SVM is the abbreviation of Support Vector Machine (Support Vector Machine), which is a commonly used supervised learning algorithm that can be used for classification and regression problems. In the classification problem, SVM will map samples of different categories into a high-dimensional space, and find a hyperplane in this space, so that samples of different categories can be separated to the maximum extent. The advantage of the SVM algorithm is that it can handle high-dimensional data and can handle nonlinear classification problems. The SVM algorithm realizes the processing of high-dimensional data through the kernel function, and can adapt to different data distributions by adjusting the parameters of the kernel function.
The Python code is implemented as follows:

 # Image classification processing based on support vector machine
from sklearn import svm
clf = svm.SVC()
clf.fit(X_train, y_train) #training fitting data
predictions_labels = clf.predict(X_test) # get predicted data
score = clf.score(X_test,y_test) #calculate accuracy
print('accuracy rate: {}'.format(score*100))
# Calculate the kappa coefficient
kappa_value = cohen_kappa_score(y_test, predictions_labels)
print('kappa coefficient is: {}'.format(kappa_value))
print('algorithm evaluation:{}'.format(classification_report(y_test, predictions_labels)))
#start painting confusion proof
cm = confusion_matrix(y_test,predictions_labels)
cm = pd.DataFrame(cm,columns=["cardboard","glass","metal","paper","plastic","trash"],index= ["cardboard","glass","metal","paper","plastic","trash"]) # Specify the name of the confusion proof line
plt.figure(dpi=200, figsize=(5, 5)) # set image size and size

Use precision, recall rate and F1, confusion matrix, kappa coefficient and accuracy rate to judge the classification accuracy. The specific data are shown in the following table:

The kappa coefficient is: 0.577, and the accuracy rate is: 66.13%.
The confusion matrix is shown in the figure below:

5. Comparison of classification algorithms

Bayes, decision tree, and SVM use precision (Presicion) to classify and compare.
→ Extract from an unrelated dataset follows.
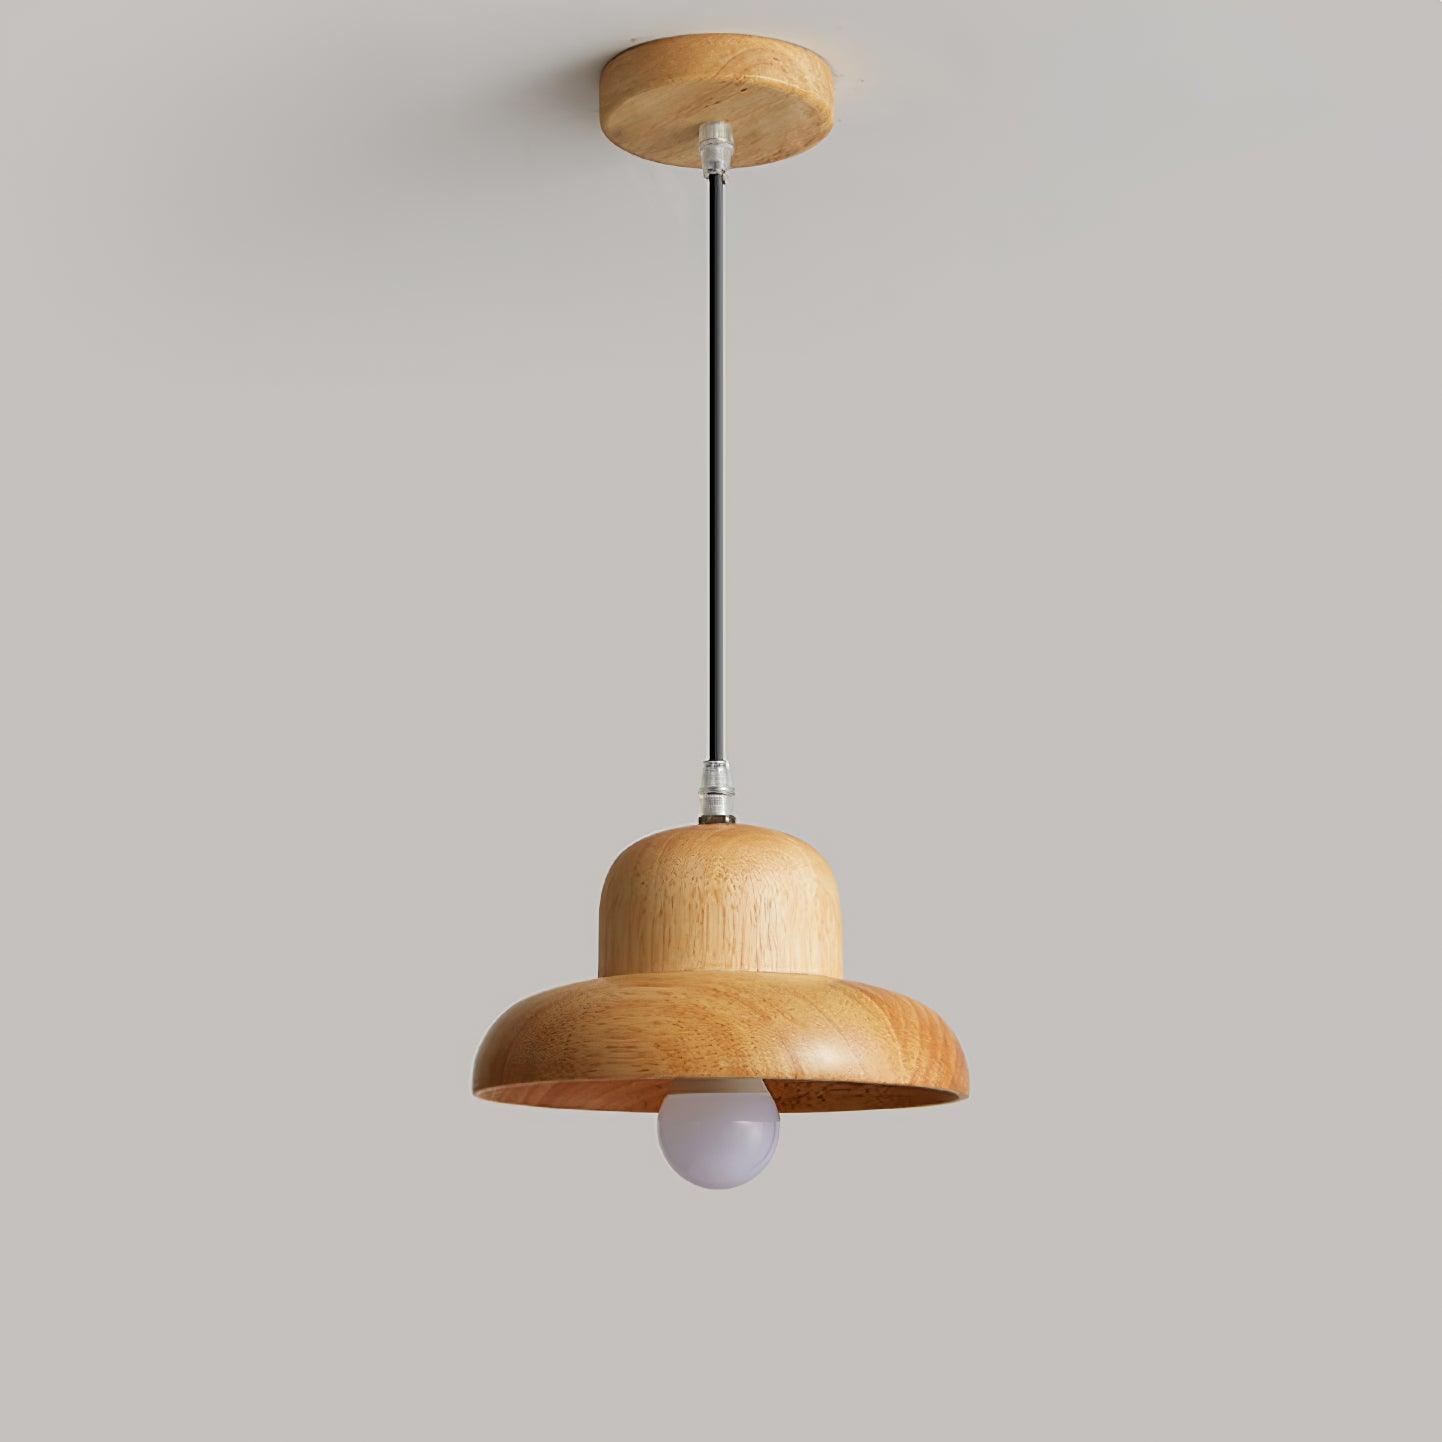 Wood Hat Pendant Lamp - Docos

The specific data are shown in the following table:

Due to the large number of classification categories and the limited number of data sets, the major classifiers do not show high accuracy in the classification effect, especially in the classification of trash, the accuracy of decision tree and Bayes classification is low . Among the three types of algorithms, Bayes is the fastest. From the accuracy comparison of the data, it can be seen that in this project, SVM performed the best.